The lubricant feed can be arranged centrically in the sealing stay, i.e. it can have a substantially equal distance from a nearest edge of the mutually facing ends of the outlet and inlet. Due to this centric or central arrangement, the geometry of the pump in relation to the lubricant feed is identical in both rotational directions if the recess is correspondingly shaped. The inlet and the outlet into the pump space can preferably also have substantially the same shape.
The lubricant feed can preferably be arranged eccentrically in the sealing stay, nearer the inlet for the medium to be pumped in the first rotational direction. This can be expedient when the rotary pump has a preferred first rotational direction and a less preferred second rotational direction or delivery direction. In this case, the eccentric arrangement of the lubricant feed is advantageous, since a distance between the lubricant feed and the inlet is larger, in a main operation in the first rotational direction or delivery direction, than if centrically arranged, thus more reliably preventing the lubricant feed from being able to be short-circuited with the inlet.
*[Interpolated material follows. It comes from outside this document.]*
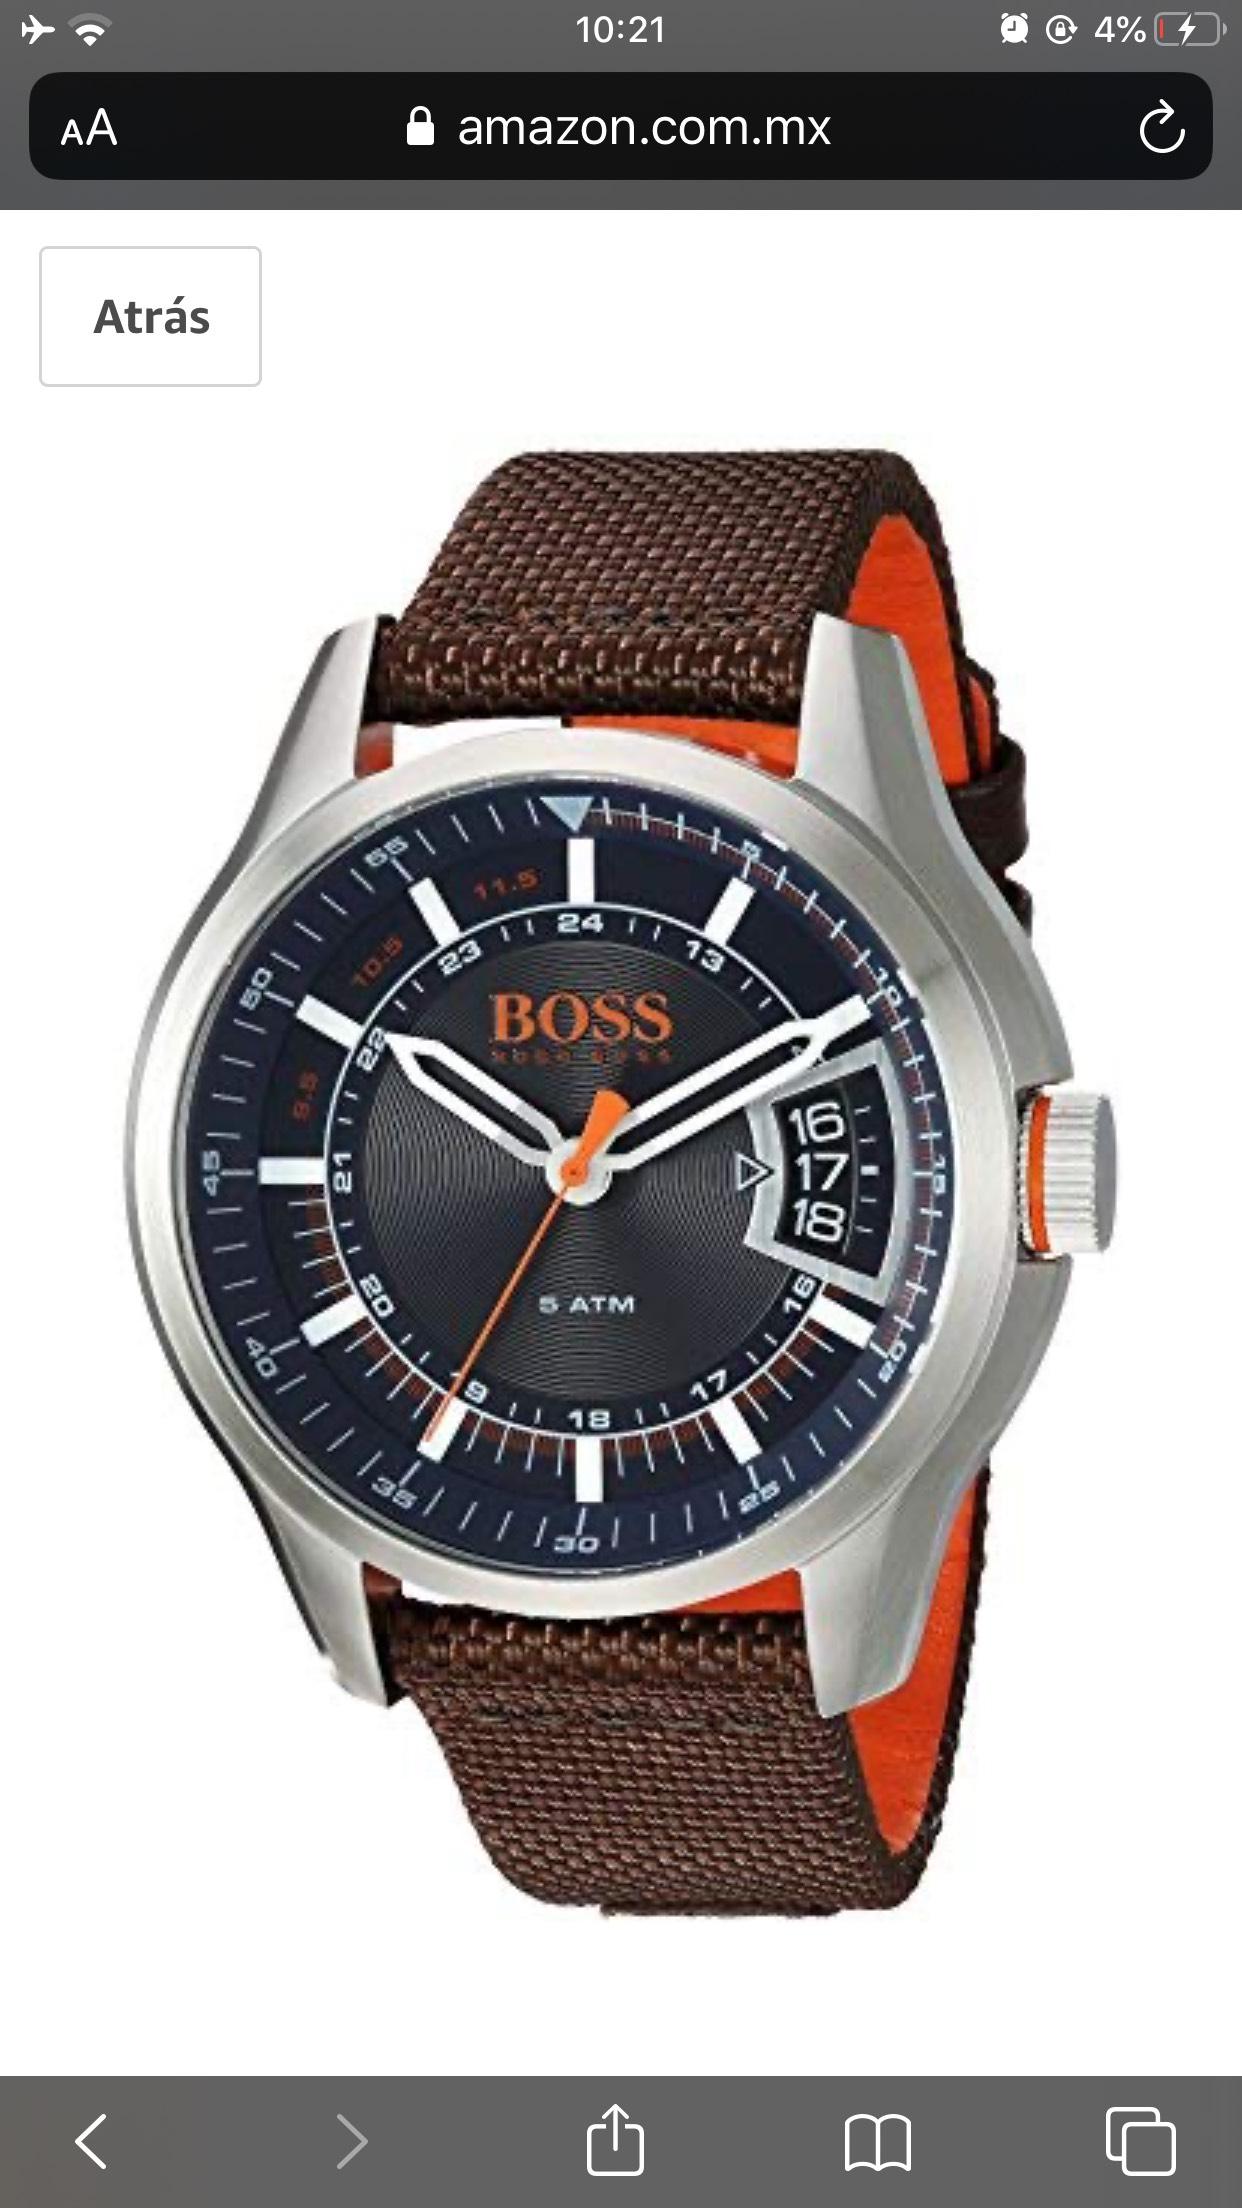 Amazon: Reloj Hugo Boss en sus precios más bajos según keepa

The rotary pump can in particular be an external-axle pump, such as for example an externally toothed wheel pump. The pump can be embodied in a planetary gear design, i.e. the pump comprises for example a driven toothed wheel which outputs onto multiple other toothed wheels or vice versa. Such pumps featuring a planetary wheel set are known for example from DE 10 2010 056 106 B1, EP 1 801 418 A1, EP 0 300 293 A2 and WO 2008/062023 A1, which are incorporated by reference herein, wherein aspects of the invention are not restricted to the example embodiments shown and described in those documents but rather also includes pumps which deviate from this, in particular external-axle pumps such as for example externally toothed wheel pumps.
The lubricant feed can be or comprise a groove in the sealing stay. The groove can be embodied to be rectangular, U-shaped or V-shaped or any other shape in a section transverse to its longitudinal axis. A width and a length of the groove can be adapted to the rotary pump. The groove can be funnel-shaped at its end which faces the bearing and/or at its end which faces away from the bearing. The longitudinal sides of the groove can extend parallel to each other or can be inclined towards or away from each other in the direction of the bearing, such that a width of the groove varies continuously over its length. The same can apply to the depth of the groove. The shape of the groove, such as its length, width and depth, is in principle not fixed but can rather be freely selected by the person skilled in the art. A groove can also be divided like a delta, such that the groove comprises multiple arms on at least one of its ends. Lastly, the groove need not form a straight line, but can rather for example be slightly curved.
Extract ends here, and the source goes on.